Delete. Delete. Delete.

It sounds like an easy enough process, but why does the burden to prevent spam lie with consumers like me and not with the marketers profiting from it? I never inquired about hot stock tips, the latest herbs that send you flying high or sexual enhancers.

And when these messages first started flowing into my work email account, I was offended. What if I were unlucky enough to work at a company that monitored all my emails and decided these were an inappropriate use of company resources? I would face the burden of explaining their presence.

Quite frankly, I have no idea why I receive spam at work. My best guess is that one of the dozens of tech conferences I've attended has sold my information to mass marketing lists.

None of that should matter, though. There's no good reason for spamming. It should be outlawed outright. Congressional efforts, in addition to state ones, are under way to limit spam. The US Senate began hearings this week on a bill that, among other things, would require those sending commercial emails to include a working return address and a way to opt out of future mailings.

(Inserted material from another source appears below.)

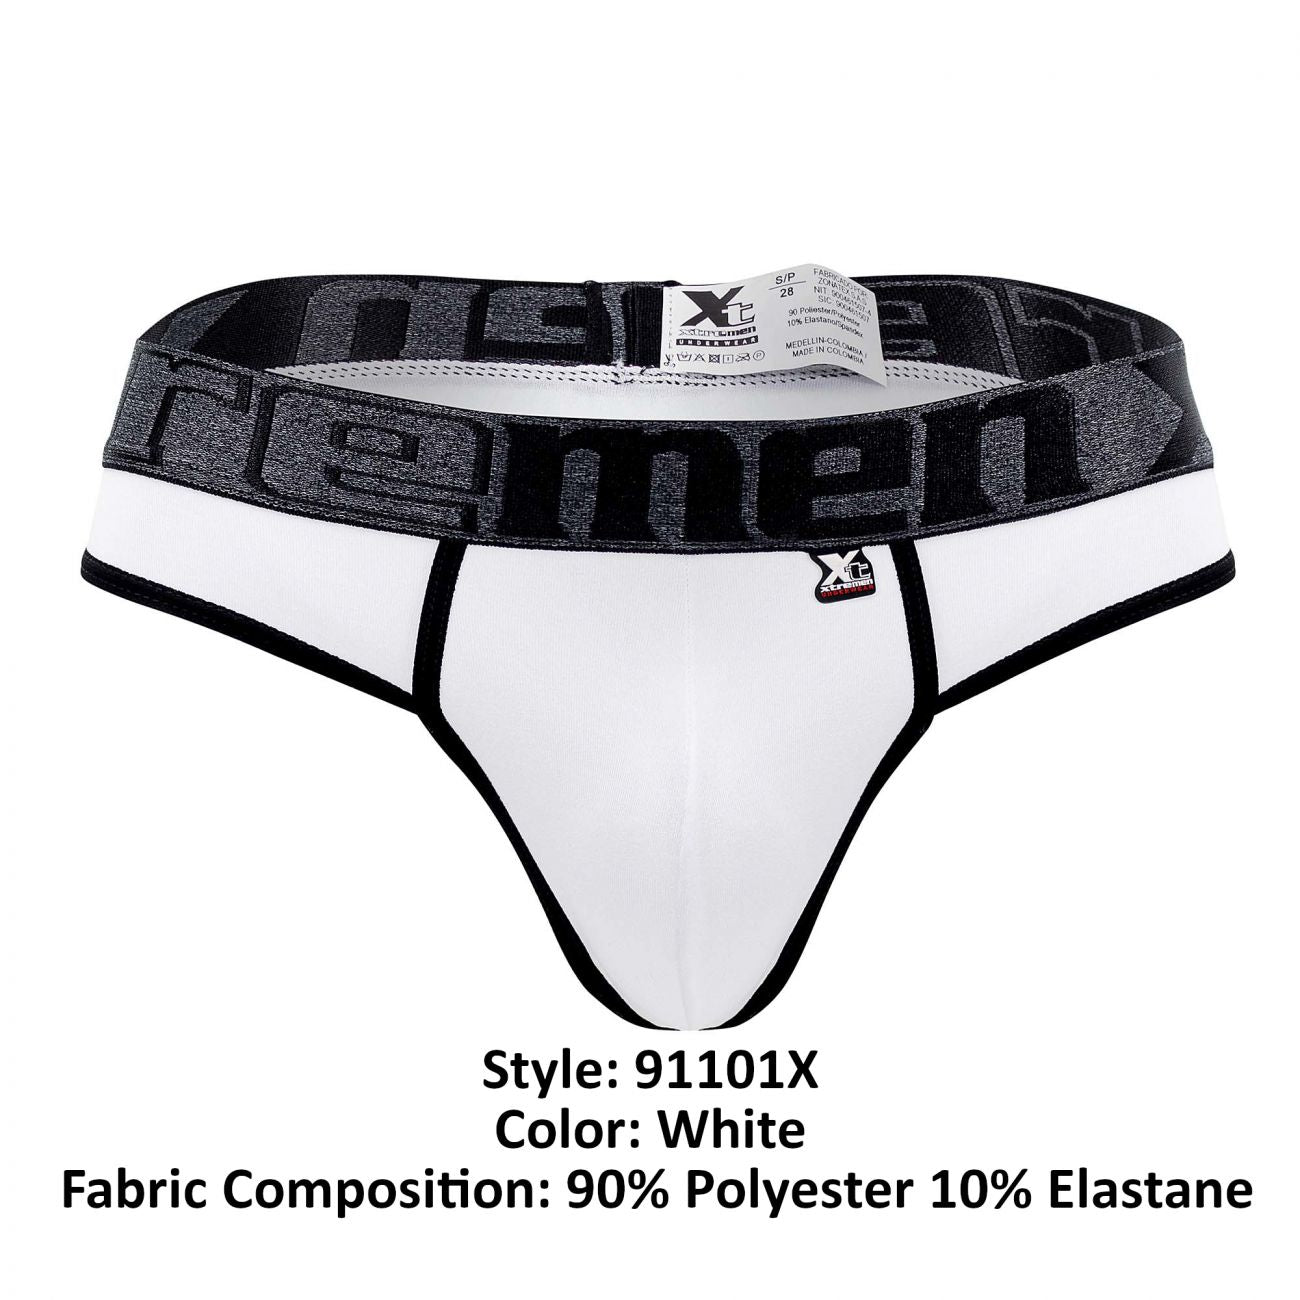 Xtremen 91101X Microfiber Thongs White Plus Sizes

That sounds reasonable, but it doesn't go far enough. Why should I--or anyone else--have to police the spammers? The email shouldn't be sent unless requested.

Sending the wrong message.

A law predicated on enforcing opt-out provisions sends a message to marketers that it's OK to send unwanted emails in the first place. Instead, any new anti-spamming law should require that companies and individuals only send commercial emails when the recipients have agreed to accept them--whether by checking a box on a Web form or requesting information through some other channel.

Spammers don't need any more encouragement or protection. They're already combing posts on Newsgroups, using bots to grab email addresses off online auctions and portal-site personal profiles, and buying lists from e-commerce companies, according to David Ferris, president of Ferris Research, in San Francisco.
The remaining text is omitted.